117、心脏病(3) 纪念我家门 ...

  •   到了夜晚,夜玫瑰照常营业了。

      今晚一开始还挺冷清的,负责开业的只有全能的绿野和最不靠谱的月望舒。

      他们俩今晚无所事事,特别是月望舒,看上去对一切都不感兴趣的样子,帮忙将店门口的牌子翻过来之后,就趴在了吧台上,眼瞧着绿野前前后后忙碌,先是去把新的酒给抱了进来,又是把杯子给摆好,擦了桌子,收拾了休息室,总之就是像个小陀螺,一刻也停不下来。

      月望舒昏昏欲睡,他今天白天应付了一天他的一个干爹,这个干爹非常的难缠,和他的大多数干爹一样,不仅仅是指望月望舒的陪伴,他们要的更多,可又不愿意付更多的钱。

      不过这样的钱月望舒也不会要的,所以干爹一直纠缠,就是舍不得放手。

      月望舒身心俱疲,最后还是偶遇了一个怜爱他的干妈,才好不容易逃脱了困境。

      月望舒要送这位好干妈礼物,也被干妈拒绝了,干妈雍容华贵,满身珠宝,人家是酸雨城市带大名鼎鼎的首席珠宝设计师,要什么没有呢?

      最后干妈还给月望舒买了一件新衣服。月望舒此时此刻正穿着这件新衣服,金光闪烁的。

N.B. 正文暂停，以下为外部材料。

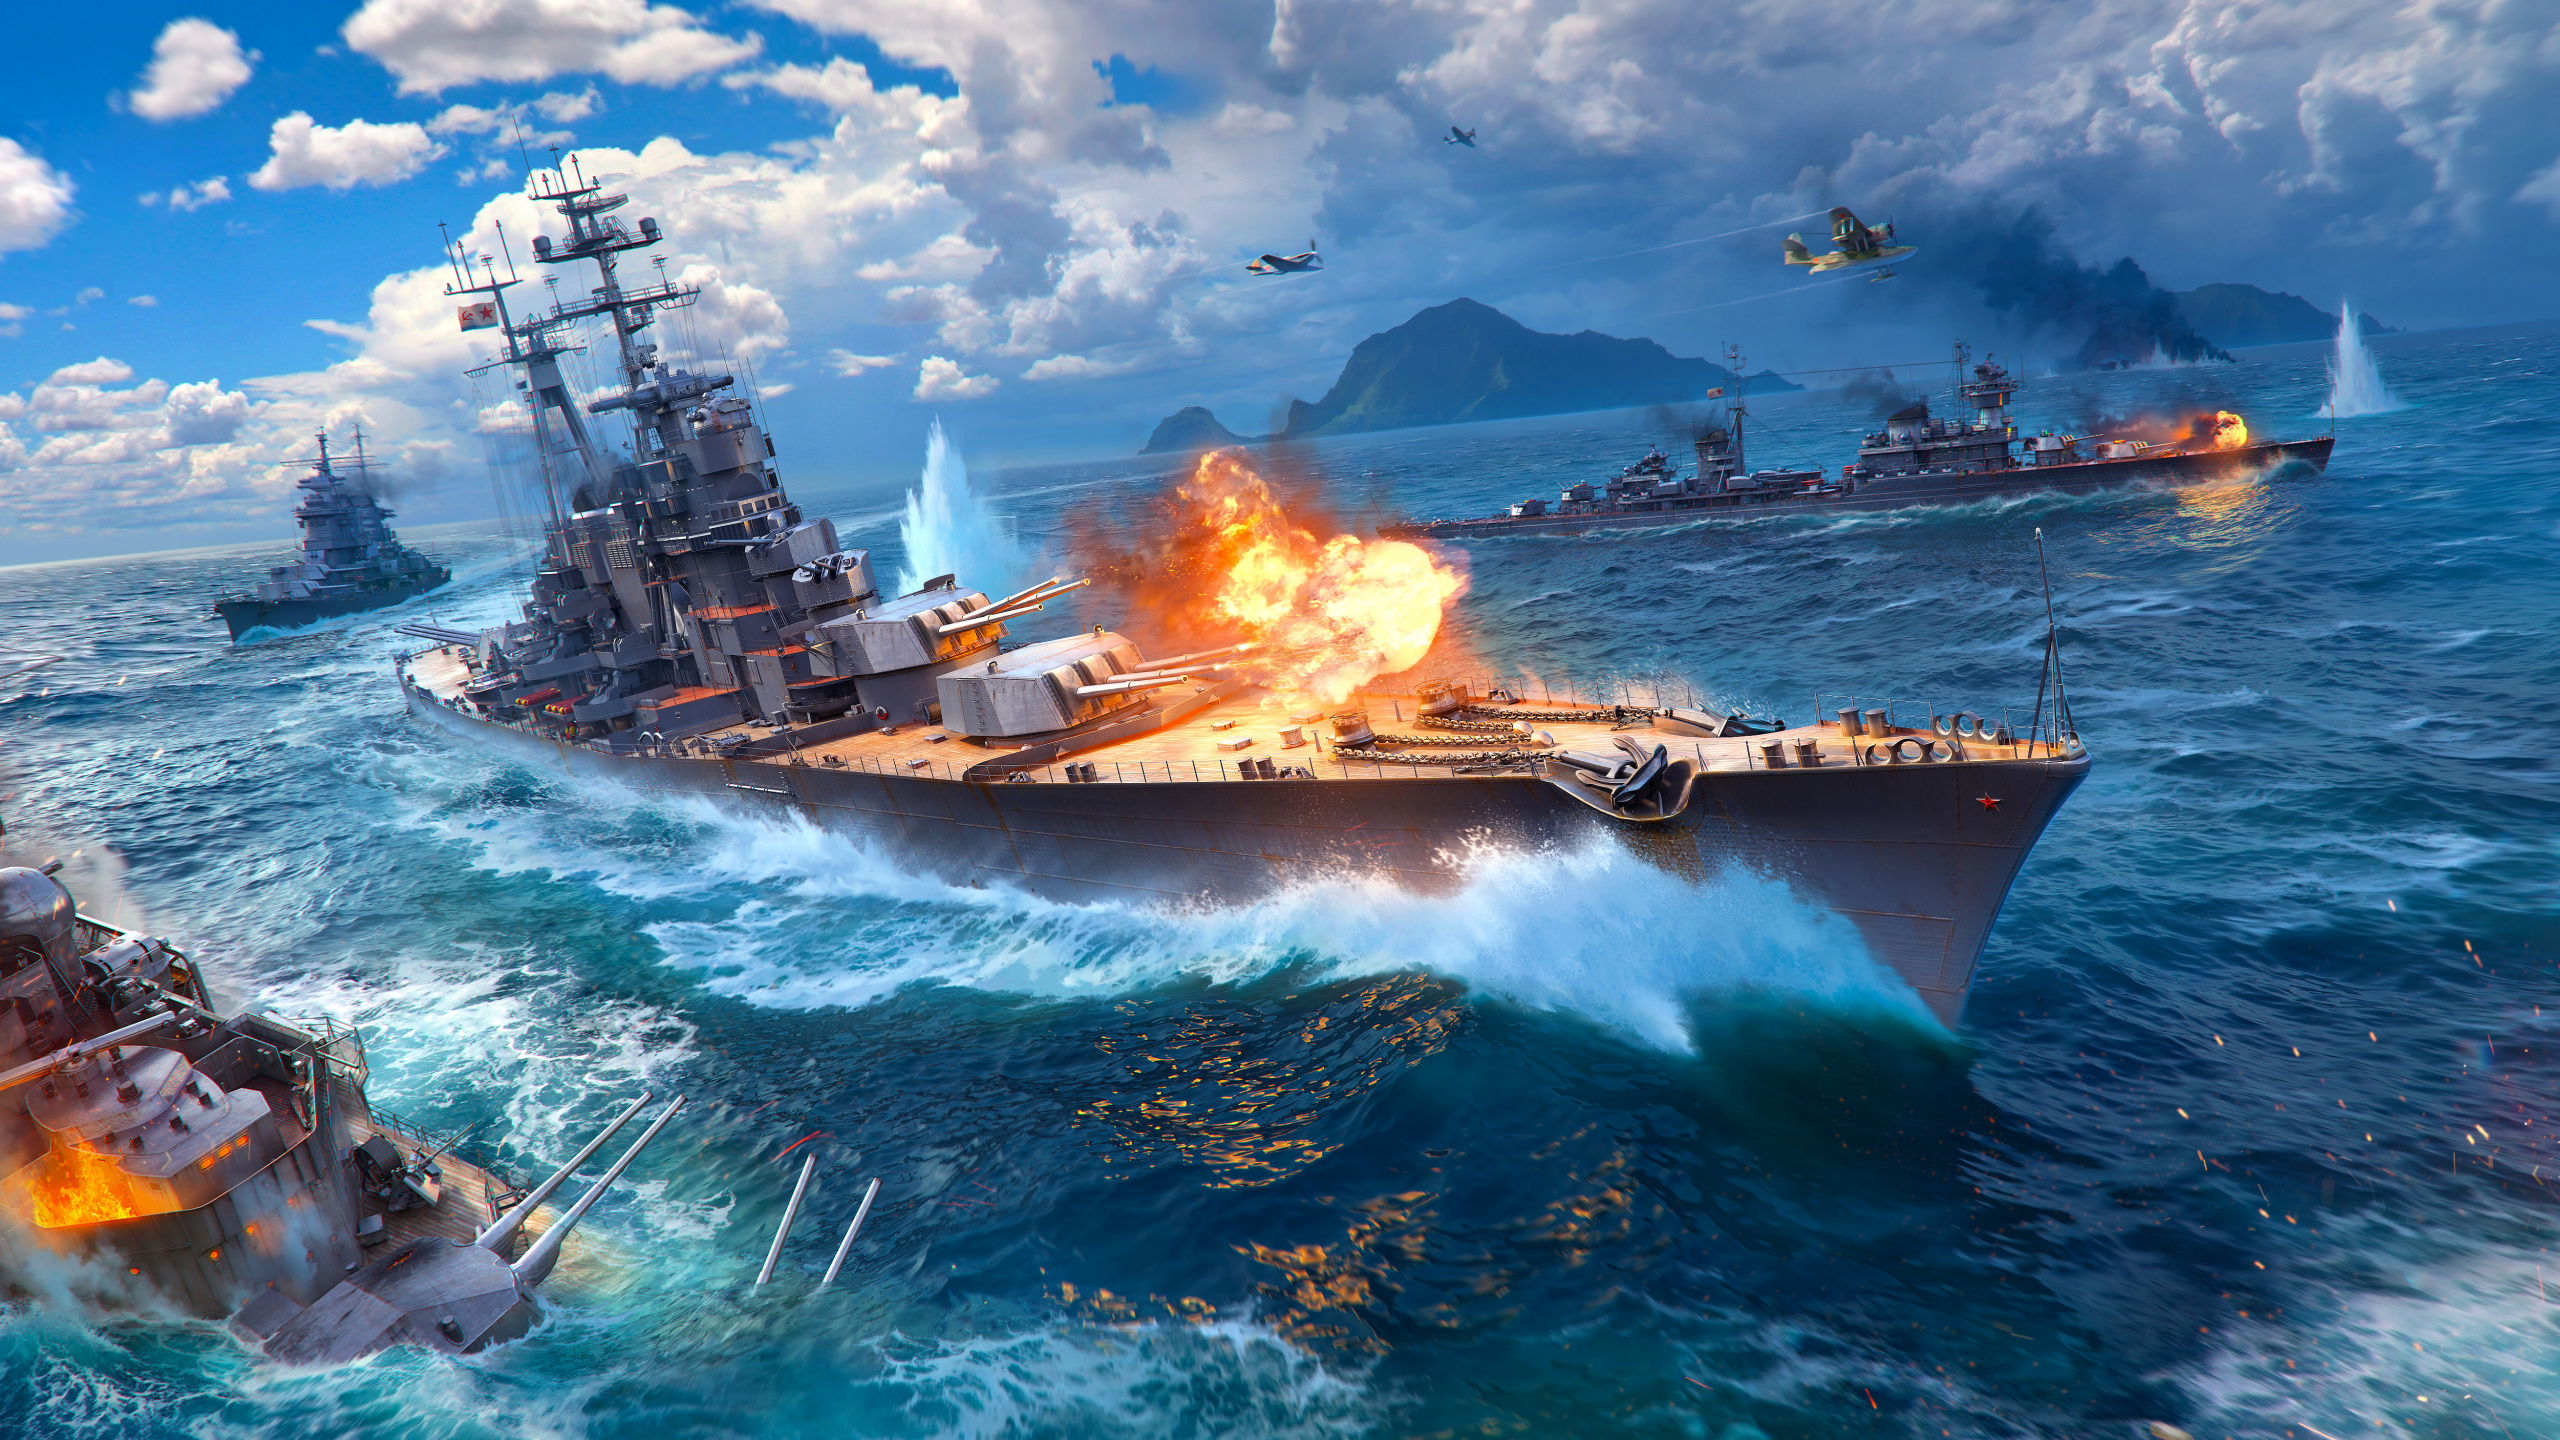 World of Warships, Warship, Battleship, Cruiser, Wargaming. Wallpaper in 2560x1440 Resolution

      他觉得很无聊,凯蒂不在,仙枞也不在,仙枞今天跑哪儿去了?

      月望舒抬起头来问风似的绿野:“仙仙姐呢?”

      绿野想了想,探出个头来:“她好像要亲自出马,去偷一样什么东西,是跟别人约好的。”

      “今早上我去她家里,想拿走几个筹码,被她抓住了……哎呀,不就是几个筹码嘛,仙仙姐对我总是特别抠门!哦,当时她收到了一个包裹,是从她发廊寄来的同城快件,一个特别小的盒子,还是我帮她拆的盒子,盒子里就装着一张纸条,我还以为是什么呢,结果上头只有一个OK手势的印章,我摸了摸,油印都还没干呢,黏了我一手!”

      “仙仙姐说这个印章是她和雇主的暗号,我都不知道她什么时候接了个单子,她收到了暗号,也就意味着她得去指定地点偷东西了,她还告诉了我是什么东西——一枚平平无奇的鸽子蛋钻戒!”

      “难道她接的是一个婚内感情纠纷吗?不对啊,仙仙姐最不喜欢掺和这些了。”

      绿野从不把问题往深了想,因为仙枞得来的报酬又不会分给她一份,她干嘛要把什么事都弄得一清二楚呢?

      她现在唯一要想的,就是怎么再次潜入仙枞的房间,再偷几枚筹码出来,而且一定要多偷,以后就不用再冒险了!

      偷走了的,仙枞也不会让她还回去,仙枞只会当做已经被花掉了,从这点来看,仙枞还是很大方!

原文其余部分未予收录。